Я спросил пособие в нашей вечерней школе, но там его не оказалось. К тому же, я не был первым, кто его спрашивал. Естественно, первой была Зиночка. Тогда я поехал в наш интернат к своему учителю истории. Преподаватель он был серьёзный. Предмет свой любил и уважал. И чего только можно было не найти в его квартире, которую он превратил в книжный развал. Как я и надеялся, необходимое пособие у него нашлось, и уже вечером радостный и довольный я держал нужную книгу в руках. Теперь нужно было каким-то образом связаться с Зиночкой. Все, кого я спрашивал из общежитских, не знали её телефонного номера. Да и был ли он, этот телефон, у неё никто с уверенностью сказать не мог. Это значило, что надо было идти в контору. Почти без сна провёл я ещё одну беспокойную ночь, а утром, только-только пропикало восемь, был уже в конторе.

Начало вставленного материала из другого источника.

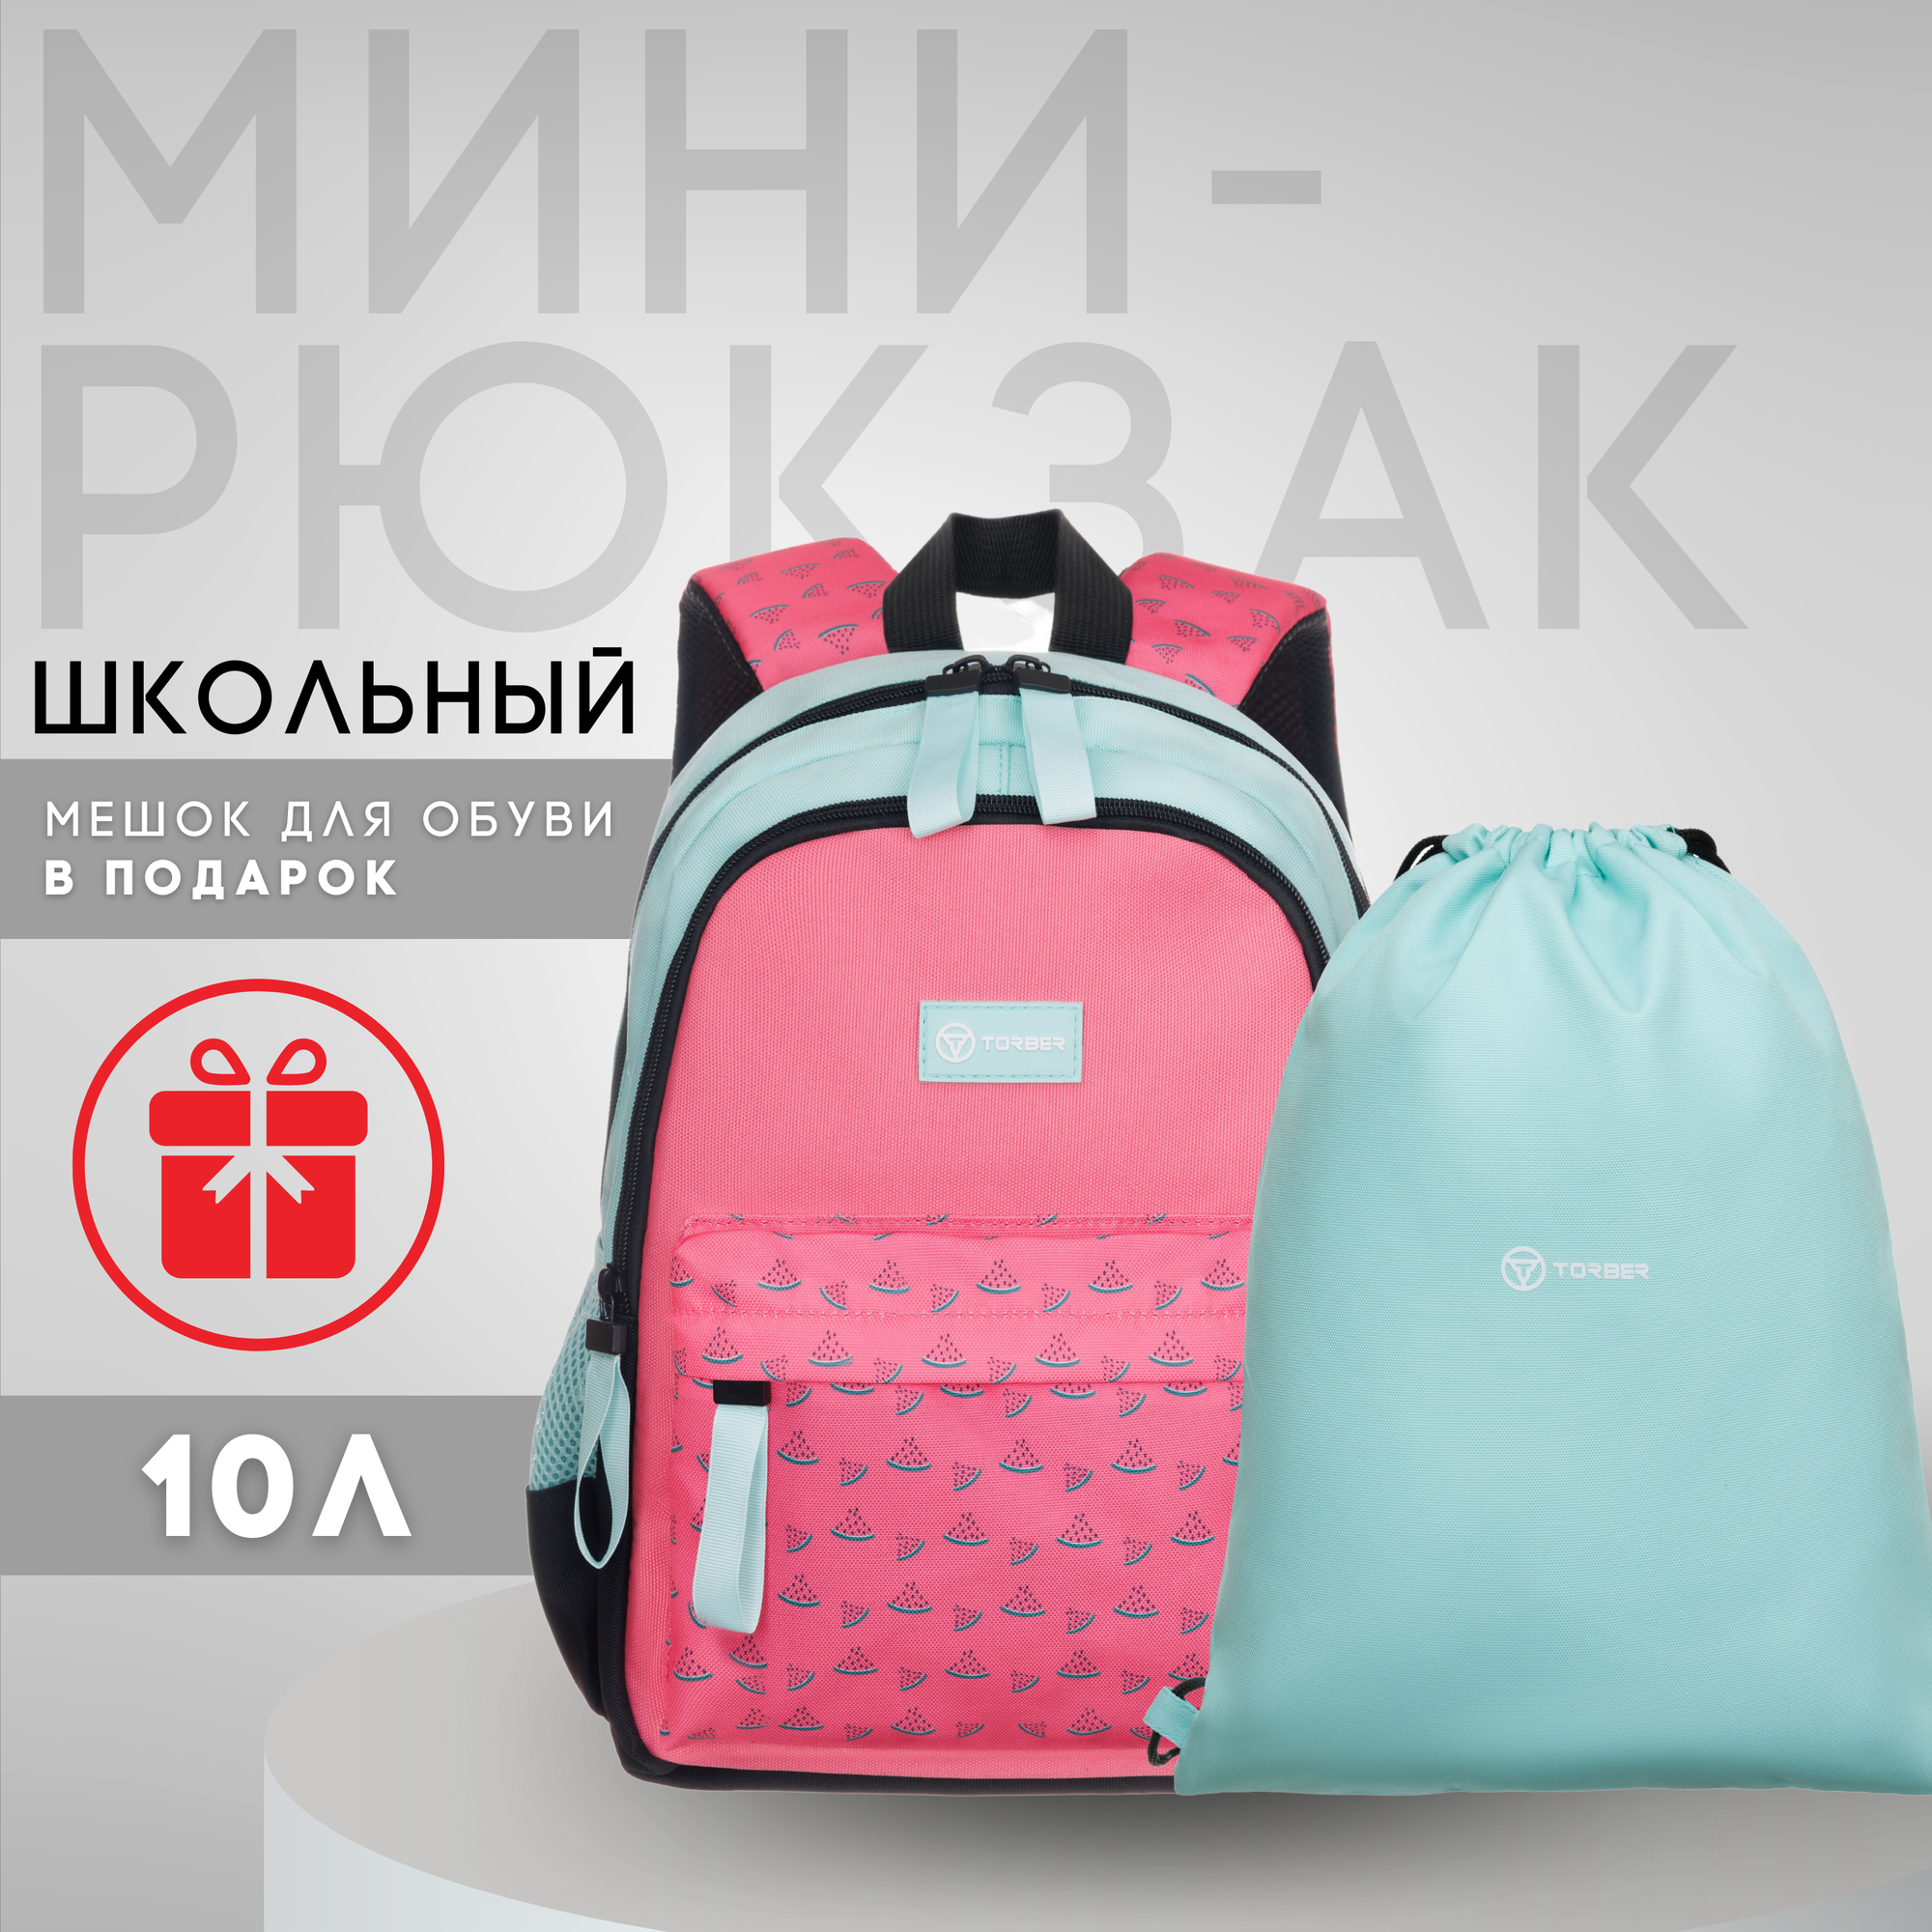 Мини рюкзак школьный для девочек TORBER CLASS X Mini, ортопедический, розовый/зеленый с орнаментом + Мешок для обуви в подарок!

Телефон у Зиночки был. Его номер мне дала наша кадровица, Ольга Степановна. Естественно, она не удержалась и полюбопытствовала, зачем это мне с раннего утра понадобилась секретарша директора. Пришлось рассказать о пособии.
-- А давай я его передам, -- вдруг ошарашила она меня. -- мы живём в одном доме.
-- Нет, нет! - поспешно возразил я. -- Сначала надо уточнить та ли это книга или не та.
Признаться, я немного растерялся от такого предложения.
-- Держи трубку, я тебе номер наберу, -- заботливо продолжила кадровица.
-- Что Вы! -- Всполошился я. -- Зачем людей с раннего утра беспокоить. Я лучше вечером позвоню.
-- Ну, как знаешь, -- подозрительно произнесла Ольга Степановна.
Честно говоря, сначала я так и собирался воспользоваться телефонным аппаратом отдела кадров, но после такого навязчивого участия я изменил своё намерение. Пришлось идти к телефону-автомату, благо тот имелся поблизости. Трубку на том конце взяли не сразу.
-- Алло! -- Выдохнула в микрофон Зиночка. Было такое ощущение, словно она до телефона, как говорится, бегом бежала.
-- Доброе утро! -- поздоровался я, лихорадочно решая с чего начать наш разговор. Я всё не был уверен -- говорить сперва о том, что я нашел пособие, или всё-таки начать с извинений. В моей голове надсадно скрипели воображаемые весы, пытаясь определить важность каждого начала. Какое из них будет принято с наибольшей благосклонностью. Не кстати, вспомнился анекдот про две новости: хорошую и плохую, и сакраментальный вопрос: с чего начать? Вот как бы узнать у Зиночки ответ на него.
-- доброе, -- После некоторой паузы отозвалась Зиночка. В этот миг воображаемые весы в моей голове пронзительно скрипнули, и чаша с чувством вины ушла вниз.
-- Зина! Ты меня извини. Я не хотел. Я тебя перепутал, -- словно в прорубь, кинулся я в объяснения.